Top of Records for this task
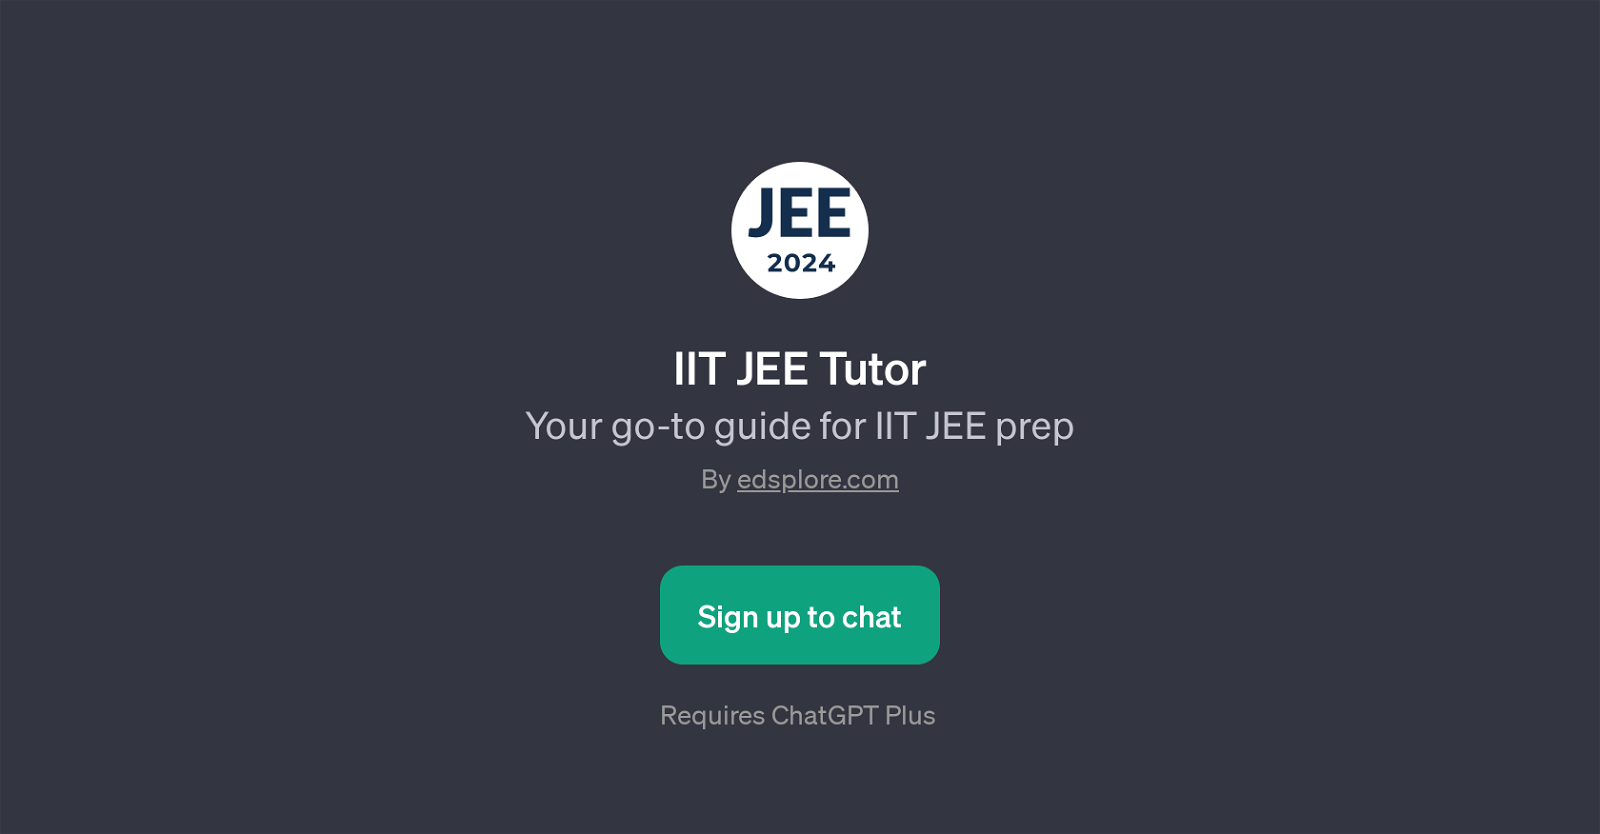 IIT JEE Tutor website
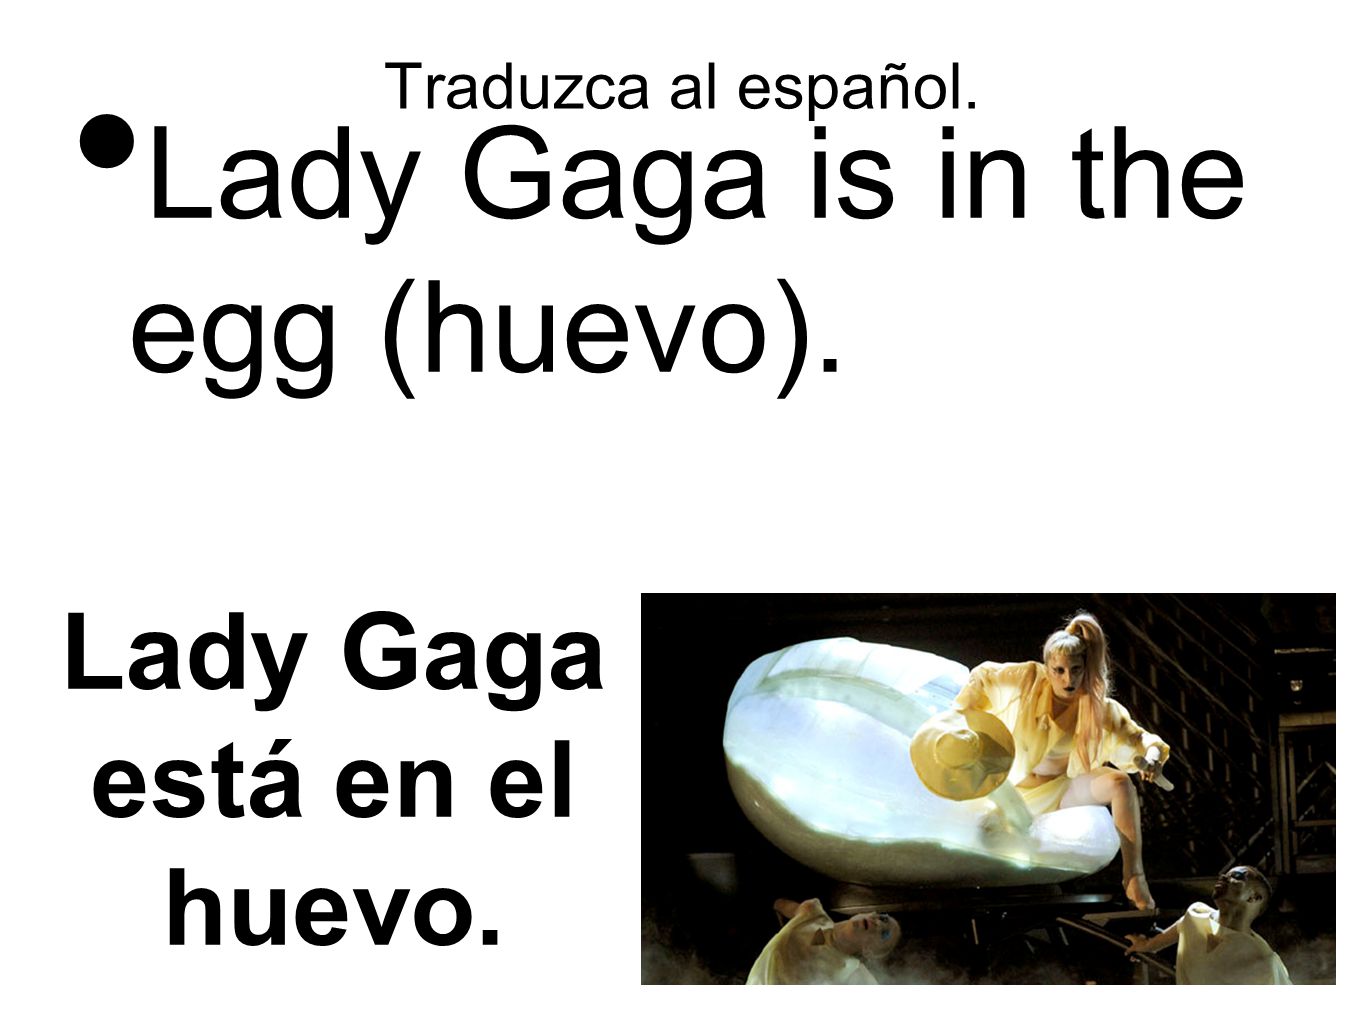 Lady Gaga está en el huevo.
Bottom of Records for this task
Top of Records for this task
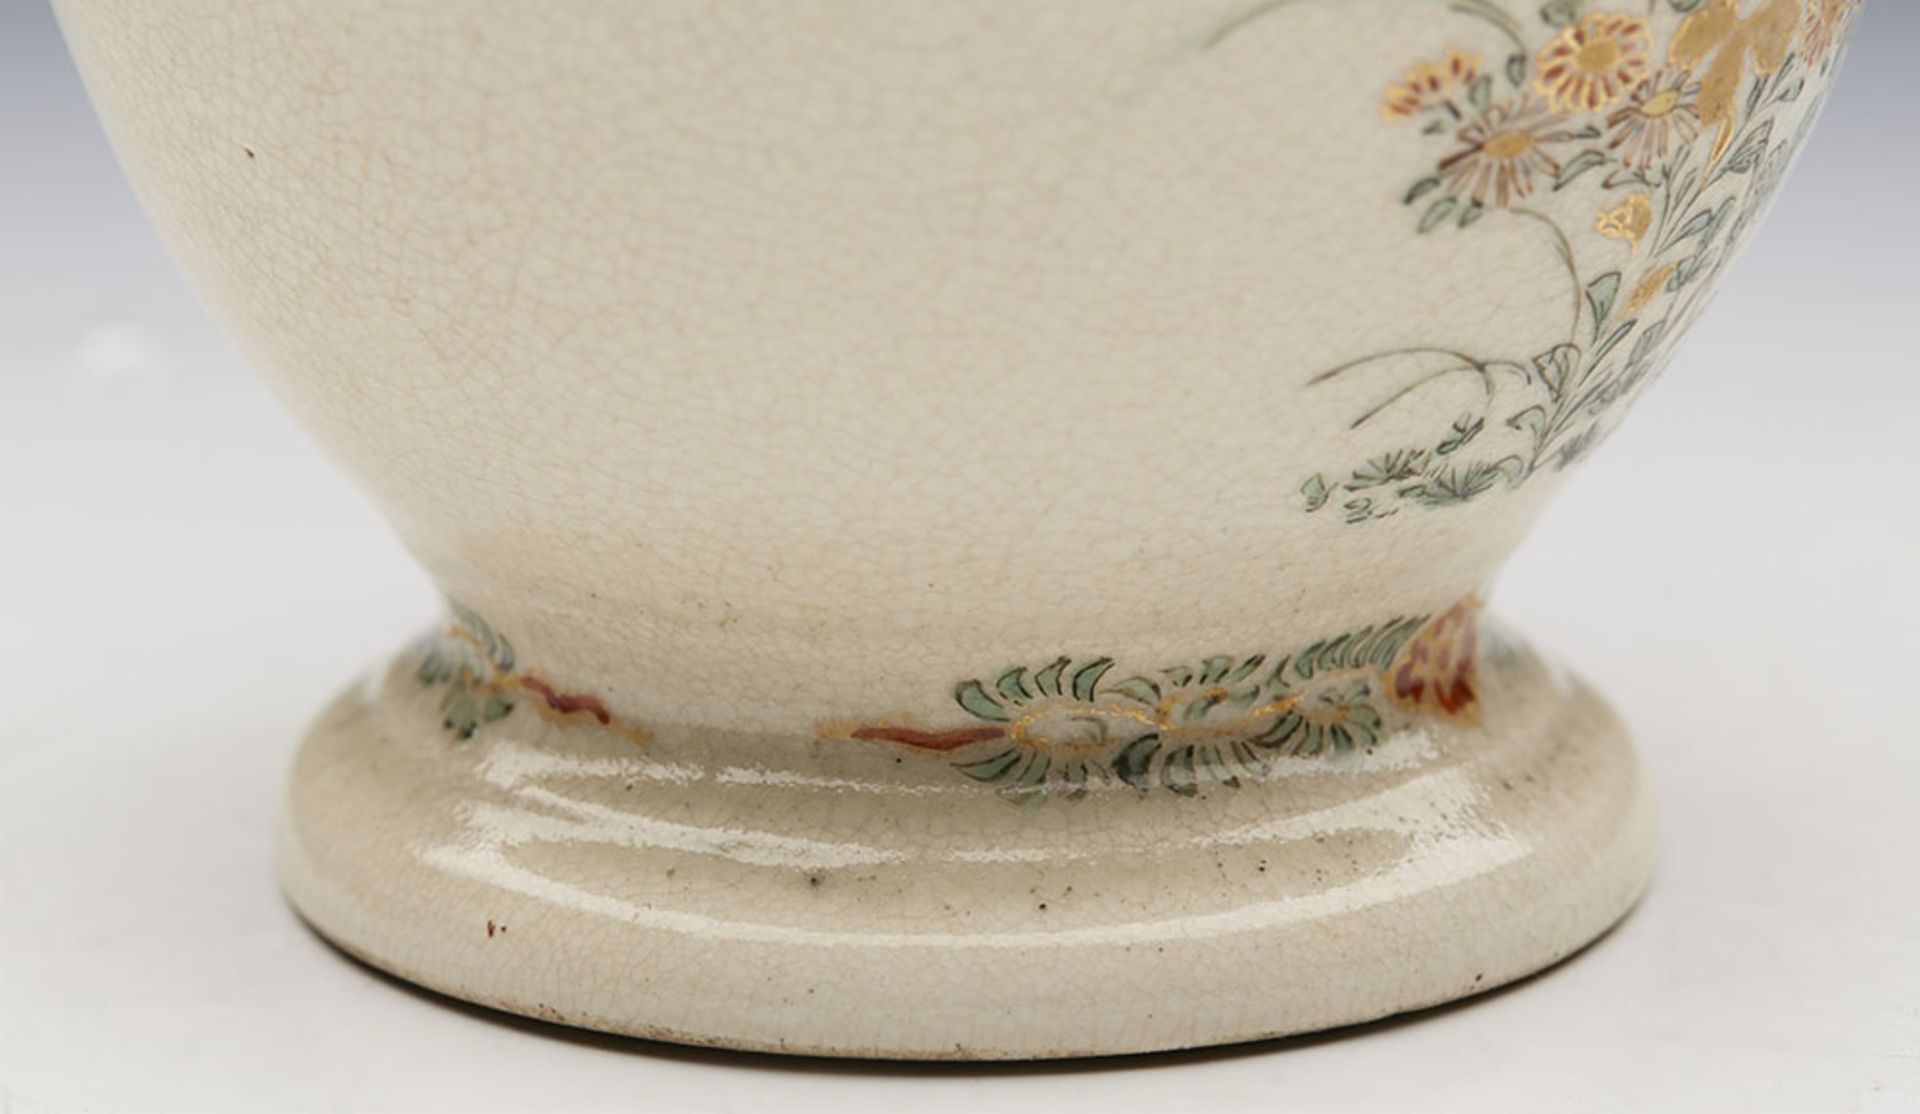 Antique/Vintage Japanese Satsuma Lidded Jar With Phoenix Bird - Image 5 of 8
Bottom of Records for this task
Top of Records for this task
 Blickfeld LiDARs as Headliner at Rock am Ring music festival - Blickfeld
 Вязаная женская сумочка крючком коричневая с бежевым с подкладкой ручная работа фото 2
Bottom of Records for this task
Exercise instructions:
Start with the line above that contains "Blickfeld LiDARs as" and end with the line that contains "Вязаная женская сумочка". Write out those lines exactly, and only those.

Result of the task:
 Blickfeld LiDARs as Headliner at Rock am Ring music festival - Blickfeld
 Вязаная женская сумочка крючком коричневая с бежевым с подкладкой ручная работа фото 2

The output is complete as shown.